[REQUEST] Replace reduce in ZERO 1/2/3 with reduce_scatter
In ZeRO 1/2/3 with unchanged computational graph(ignore the change of shape), replacing all_reduce with reduce_scatter and carefully dividing the optimizer parameters can reduce the time of reduction operation.
@efsotr, can you please provide more details for your request. Currently, reduce_scatter is the default option for ZeRO 1/2/3
@tjruwase
https://github.com/microsoft/DeepSpeed/blob/9b7fc5452471392b0f58844219fcfdd14a9cdc77/deepspeed/runtime/zero/stage_1_and_2.py#L1054C2-L1146C1
If reduce_scatter is True, program will enter in allreduce_no_retain (L1141) (default value of use_multi_rank_bucket_allreduce is False)
allreduce_no_retain (L1549) will call allreduce_and_copy with rank being not None allreduce_and_copy (L1526) will call allreduce_bucket with rank being not None allreduce_bucket (L1488) will call dist.reduce when rank is not None So my revised request is that replace dist.reduce with dist.reduce_scatter by curated optimizer states partitioning.
@efsotr, thanks for providing this clarification. You are right that there is a problem because reduce_scatter is unnecessarily conditioned on use_multi_rank_bucket_allreduce.
We will put this on TODO for fixing. In the meantime, can you validate that setting use_multi_rank_bucket_allreduce=True to enable reduce_scatter works correctly for your scenario?
@tjruwase use_multi_rank_bucket_allreduce=True: will call allreduce_and_scatter allreduce_and_scatter (L1016) will call allreduce_and_copy_with_multiple_ranks allreduce_and_copy_with_multiple_ranks (L1004) will call allreduce_bucket with default value of rank allreduce_bucket (L1488) will call dist.all_reduce when rank is None
So my revised request is that replace dist.reduce with dist.reduce_scatter by curated optimizer states partitioning.
@efsotr, I am not sure this the right thing to do here.

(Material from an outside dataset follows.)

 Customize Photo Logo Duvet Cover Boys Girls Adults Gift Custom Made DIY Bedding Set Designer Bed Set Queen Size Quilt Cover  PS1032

Let me get help from @RezaYazdaniAminabadi who has more knowledge here.
Hi @efsotr,
That's right that we only use all_reduce with having use_multi_rank_bucket_allreduce set to True (that's because based on my profiling, I didn't see any benefit of using reduce-scatter instead of all-reduce in my benchmarks). However, by default, we should be using reduce_scatter, and the rank should be passed here in this function: https://github.com/microsoft/DeepSpeed/blob/9b7fc5452471392b0f58844219fcfdd14a9cdc77/deepspeed/runtime/zero/stage_1_and_2.py#L1538, when calling allreduce_no_retain here: https://github.com/microsoft/DeepSpeed/blob/9b7fc5452471392b0f58844219fcfdd14a9cdc77/deepspeed/runtime/zero/stage_1_and_2.py#L1141.
I guess what has confused you is the name convention, otherwise, we should be doing reduce-scatter and the else part will be selected here: https://github.com/microsoft/DeepSpeed/blob/9b7fc5452471392b0f58844219fcfdd14a9cdc77/deepspeed/runtime/zero/stage_1_and_2.py#L1511. @tjruwase can confirm too?
Best, Reza
@RezaYazdaniAminabadi, thanks for the clarification. So, if I understand correctly, allreduce vs reduce_scatter is determined by whether rank==None in the following logic?
https://github.com/microsoft/DeepSpeed/blob/9b7fc5452471392b0f58844219fcfdd14a9cdc77/deepspeed/runtime/zero/stage_1_and_2.py#L1506-L1511
@efsotr, can you please confirm if your concerns are now addressed.
I do agree that code readability needs improvement.